Input data
------------------------------------------------------------------------
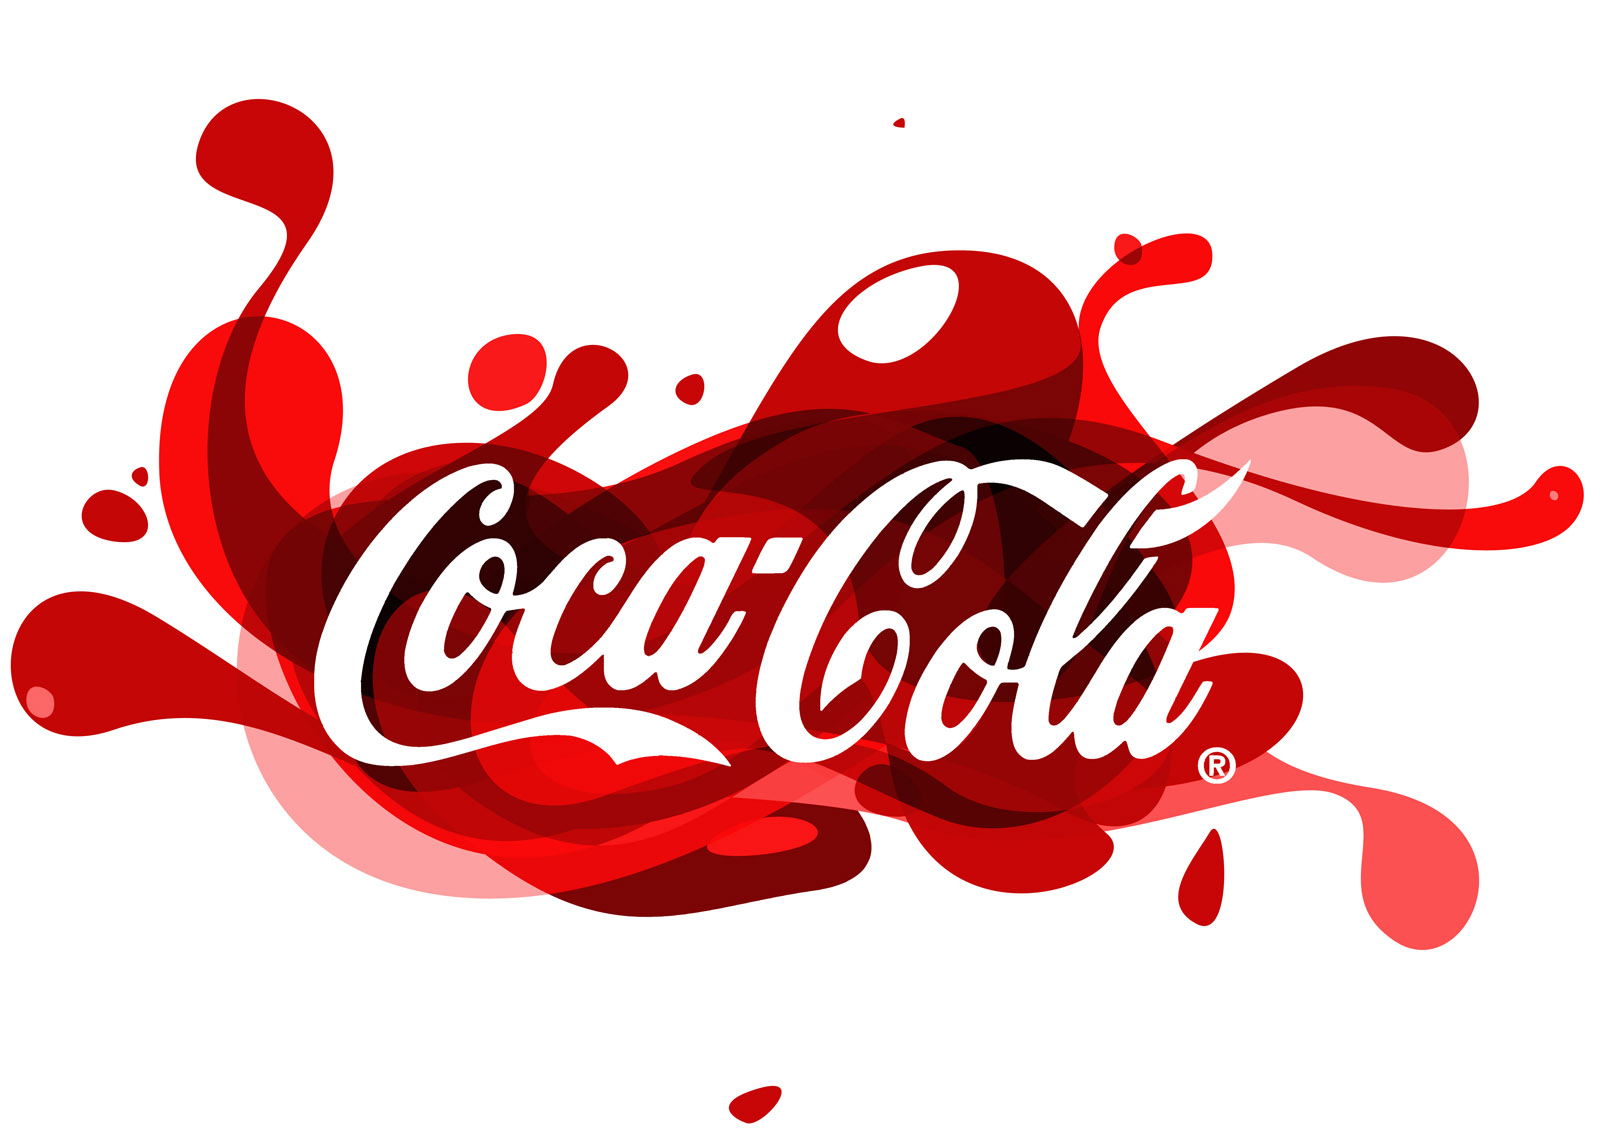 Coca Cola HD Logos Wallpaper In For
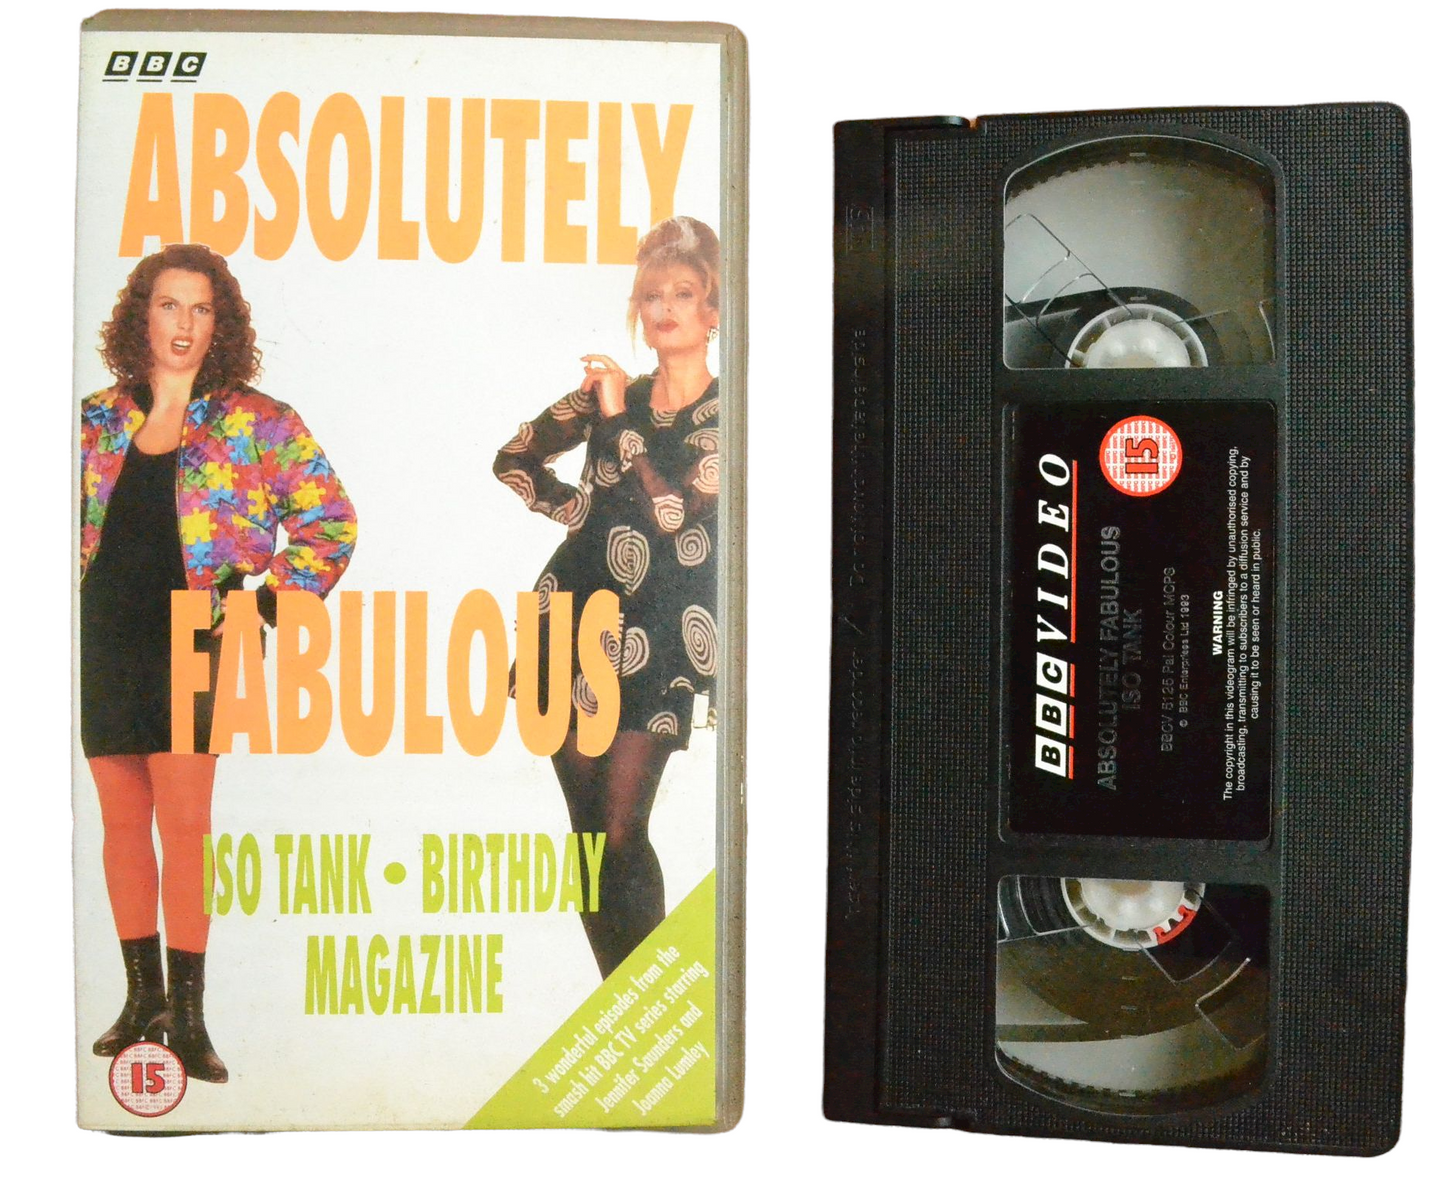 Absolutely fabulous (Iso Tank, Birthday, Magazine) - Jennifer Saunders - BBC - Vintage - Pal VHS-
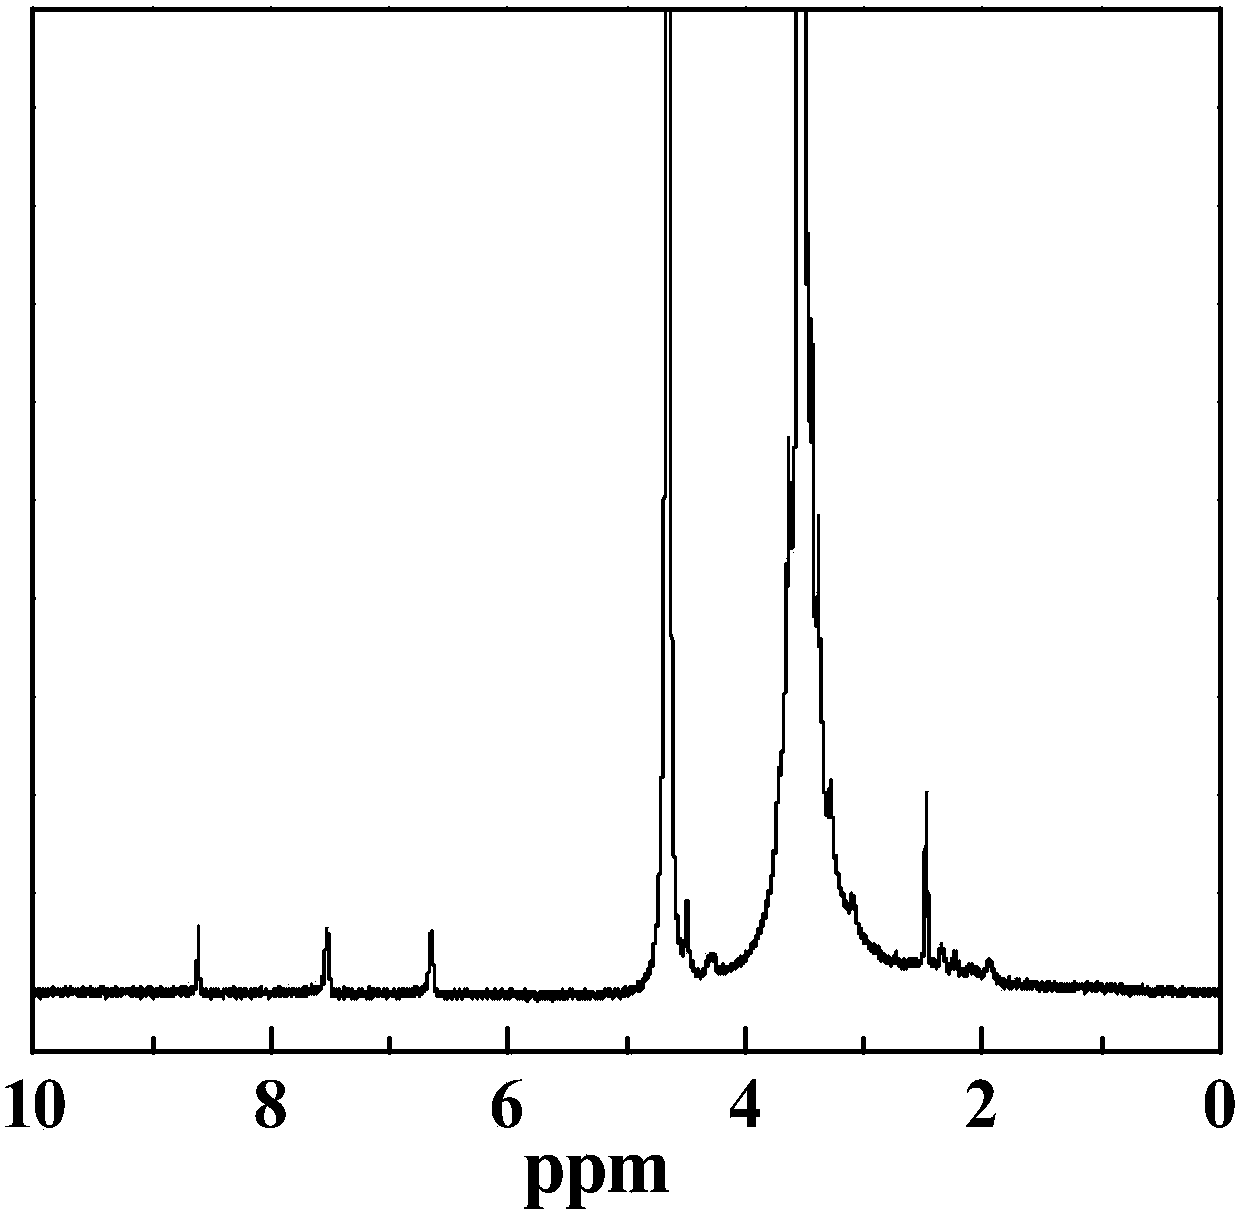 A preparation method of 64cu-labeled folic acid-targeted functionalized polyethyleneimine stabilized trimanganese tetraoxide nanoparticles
------------------------------------------------------------------------
Goal of the exercise
Nothing but the lines from the one containing "Absolutely fabulous (Iso" through the end of the listing is to be output, and those lines are to be output exactly, pictures excluded.

Exercise output
 Absolutely fabulous (Iso Tank, Birthday, Magazine) - Jennifer Saunders - BBC - Vintage - Pal VHS-
 A preparation method of 64cu-labeled folic acid-targeted functionalized polyethyleneimine stabilized trimanganese tetraoxide nanoparticles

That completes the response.